Deep Impact (Japanese : ディープインパクト, March 25, 2002 – July 30, 2019) was a champion Japanese Thoroughbred racehorse who won the Japanese Triple Crown in 2005 and the Japan Cup in 2006, as well as three other Japan Grade One races.

Background
Deep Impact's sire Sunday Silence took over from perennial Japanese leading sire Northern Taste (10 time leading sire in Japan) and was leading sire in Japan 12 times. His dam, Wind In Her Hair, a Group One winner, finished second in The Oaks to super-filly Balanchine and was out of Burghclere, a daughter of dual-Classic winner Highclere, who was owned and bred by Queen Elizabeth II. Burghclere in turn was a three-quarters sister to top filly Height Of Fashion, sold by the Queen to Hamdan bin Rashid Al Maktoum, and subsequently the dam of Epsom Derby winner Nashwan, leading sire Unfuwain and multiple Group One winner Nayef.

Racing career

2005: Three-Year-Old Season
Deep Impact won over Admire Japan by two lengths in Kikuka Sho on 23 October 2005, thereby becoming the first horse since Narita Brian 11 years earlier to complete the Japanese Triple crown. He also became the first unbeaten Japanese Triple crown winner since Symboli Rudolf 21 years earlier, but in his next race, Arima Kinen, Deep Impact was defeated by Heart's Cry to suffer his first loss in his racing career.

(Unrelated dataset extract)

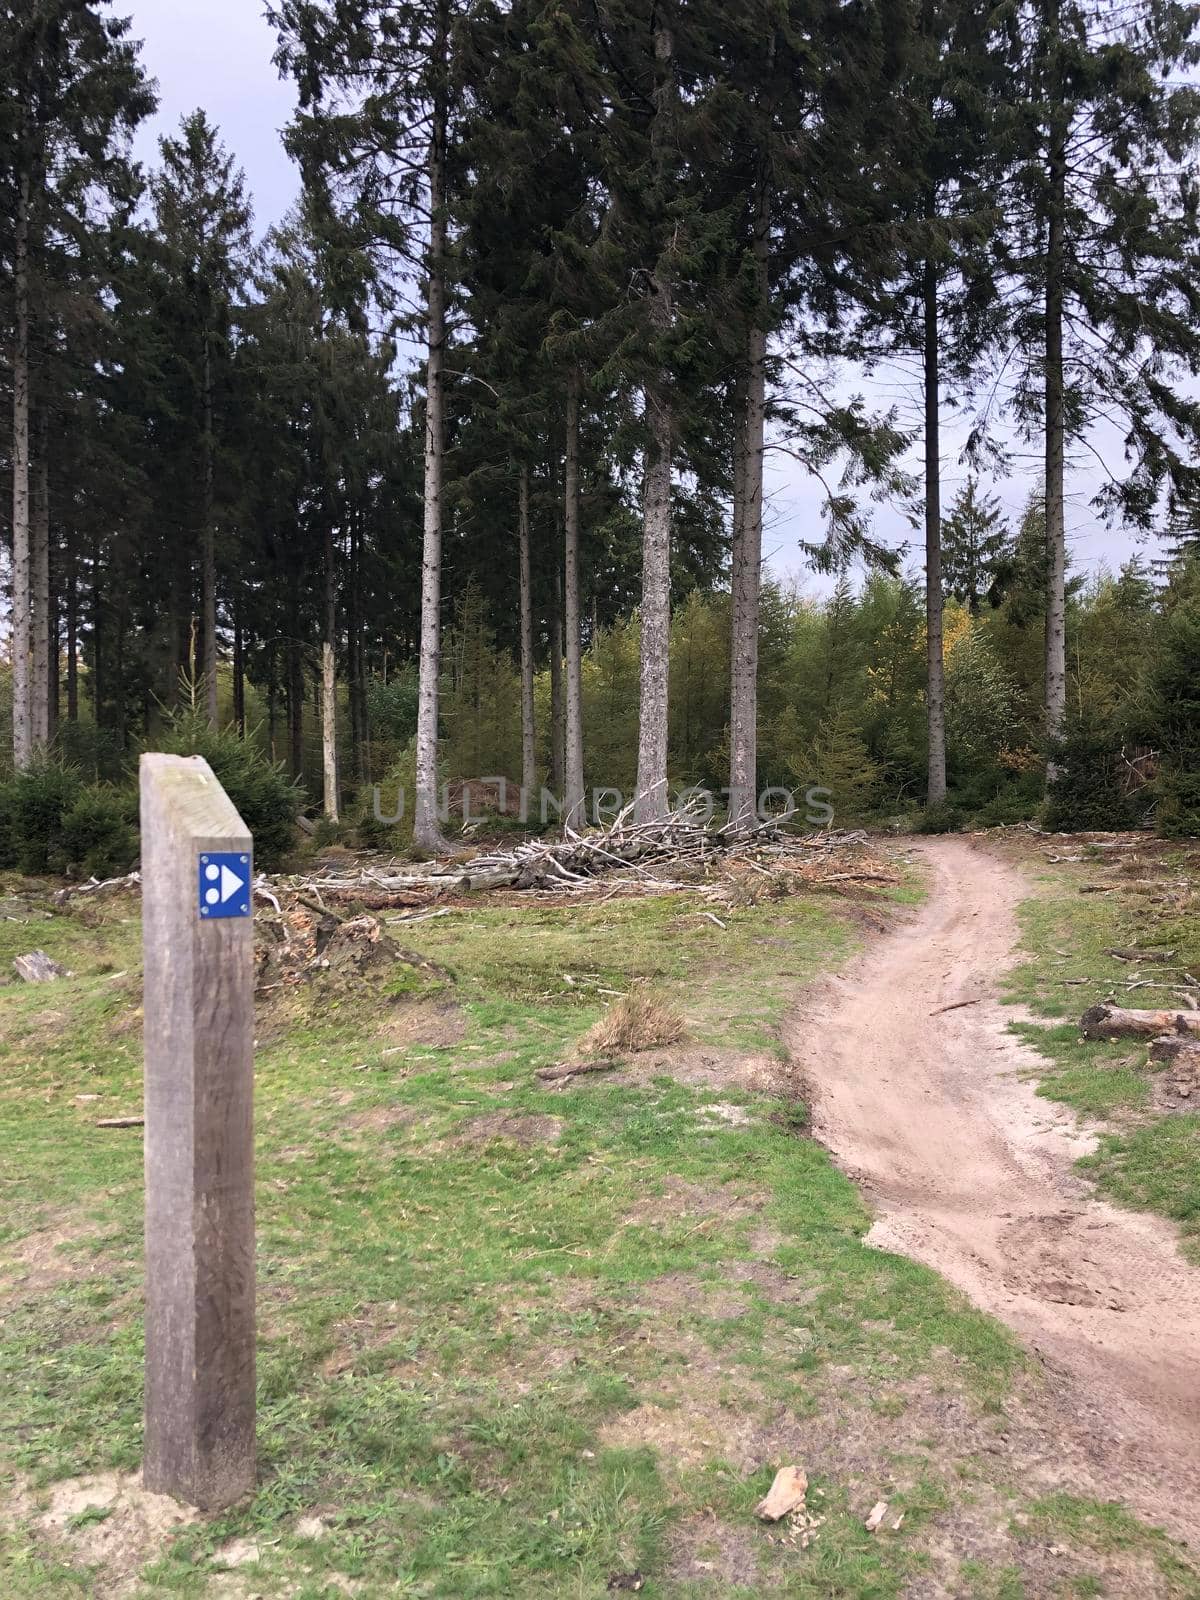 MTB sign at Nationaal Park Drents-Friese Wold in Friesland, The Netherlands

2006: Four-Year-Old Season
In 2006, Deep Impact returned to the turf with an easy victory in the Grade 2 Hanshin Daishōten.

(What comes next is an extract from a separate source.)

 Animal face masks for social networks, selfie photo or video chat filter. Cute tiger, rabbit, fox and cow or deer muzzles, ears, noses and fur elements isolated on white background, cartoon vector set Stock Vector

Then he won the spring Tenno Sho, setting a new world record for a 3200-meter race in the time of (3'13"4)

He followed up with a victory in the Grade 1 Takarazuka Kinen over 2200m.

In October, he raced in France's most prestigious race, the Group 1 Prix de l'Arc de Triomphe over 2400m. He was heavy favourite for the race, and 1,587,263 € (about $1,238,000) was bet on him in France (especially by many of the Japanese fans that traveled to the racecourse). However he only finished third.

Two weeks later, news from France Galop revealed Deep Impact was positive tested to Ipratropium. Connections announced the colt would retire to stud after that season in a syndication deal worth 5.1 billion yen.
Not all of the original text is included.